You may know that I am something of a basketball fanatic. And you may know that one of my most memorable basketball experiences -- I once saw North Carolina and Kentucky play in the Dean Dome, and the car that I came in was towed. (Laughter.) But I had so much fun at the ball game I would have walked all the way back to Arkansas after it was over. (Laughter.) I make it a point never to take sides in basketball games unless my home team in Arkansas or my alma mater, Georgetown, are playing.

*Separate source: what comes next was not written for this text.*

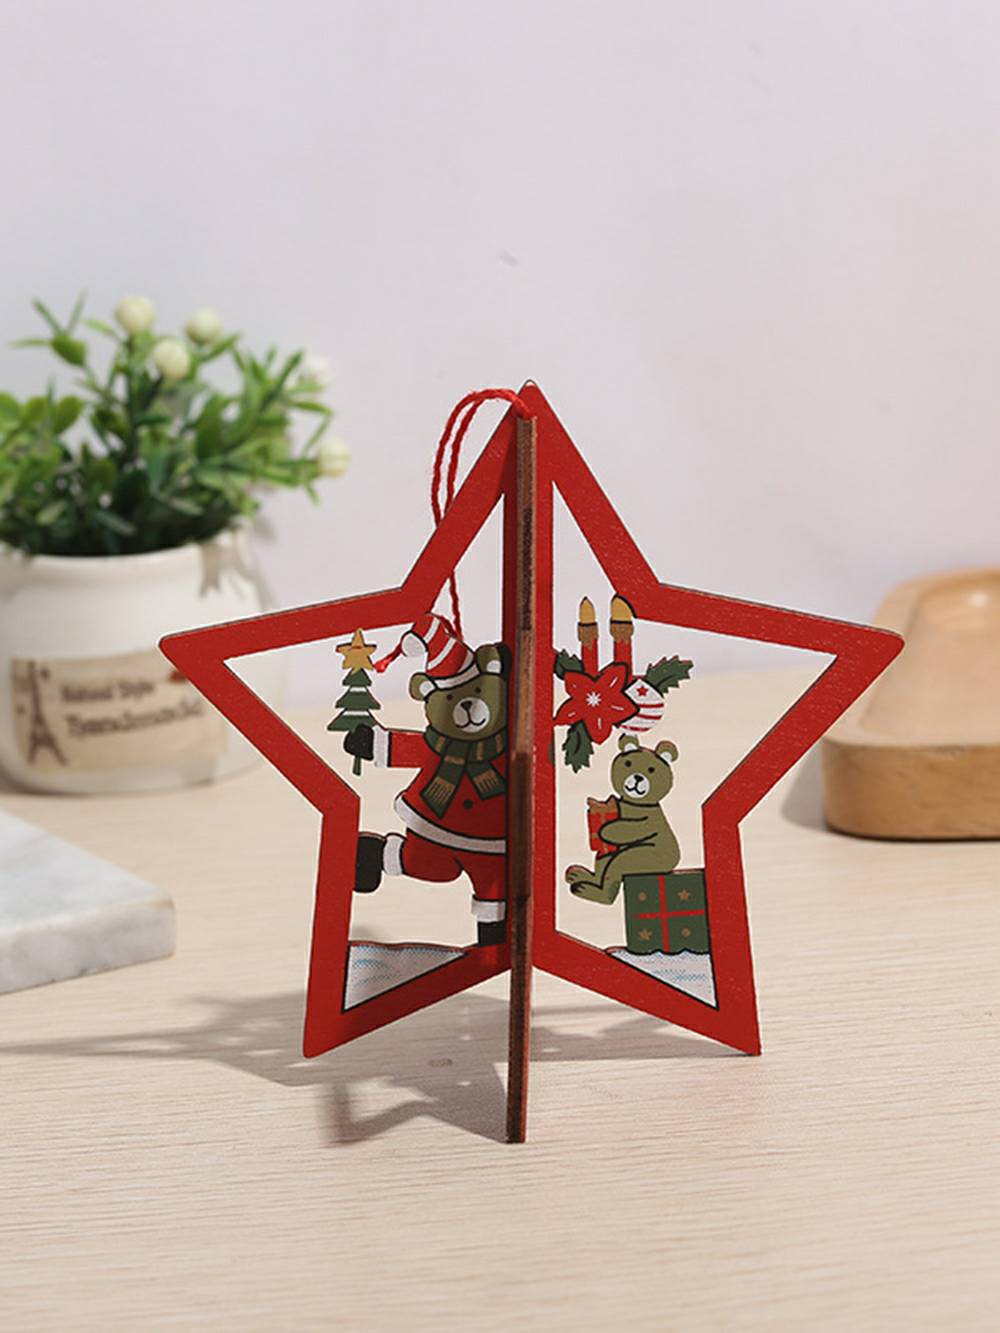 Décoration de Noël en bois peint avec flocon de neige, arbre, étoile, cloche

But I am looking forward to the day when the great Dean Smith breaks Adolf Rudd's record. (Applause.)
There is much for the rest of the nation and especially the rest of the South of to admire in North Carolina -- the determined and visionary leadership that has characterized this state for many decades in education and economic development, in bringing harmony among peoples of different backgrounds.
When I was a young man, I followed the work here of then-Governor Terry Sanford who later became my friend and colleague. Eighteen years ago, when I first started my career as Governor of Arkansas, my best mentor and friend was Jim Hunt. And he is still my mentor and friend. Dick Riley were laughing with Jim Hunt -- we were together 18 years ago as the governors of Arkansas, South Carolina and North Carolina, and we were laughing that Jim was probably the only one of us who could still get elected governor in our home states after 18 years. (Laughter.) And I applaud him on that.
It was in Chapel Hill that the cornerstone was laid at our nation's first publicly funded university, in Kitty Hawk where man first took to the skies. And today, North Carolina is an aeronautics and an air travel hub center for millions of people. Your state universities receive the highest level of funding for research and development in the nation. You have connected more of your communities than any other state in the country to the Information Superhighway -- something I'm trying to do for every classroom and library in America by the year 2000. The Research Triangle has one of the highest per capita concentrations of Ph.D.s in the word, and you are clearly one of America's most dynamic centers of economic activity.
The most important thing about all this is not for me to brag on you, you know that already, but to emphasize the main point: These things do not happen by accident. They are the product of vision and disciplined, long-term effort.
Now, our country faces the challenges of a new century -- a whole new economy, a whole new way in which people will work and live and relate to each other here at home and around the world. It is driven by information and by technology. Its best hopes may be undermined by its darkest fears, by the old demons of racial and religious and ethnic hatreds, by terrorism and narco trafficking and organized crime.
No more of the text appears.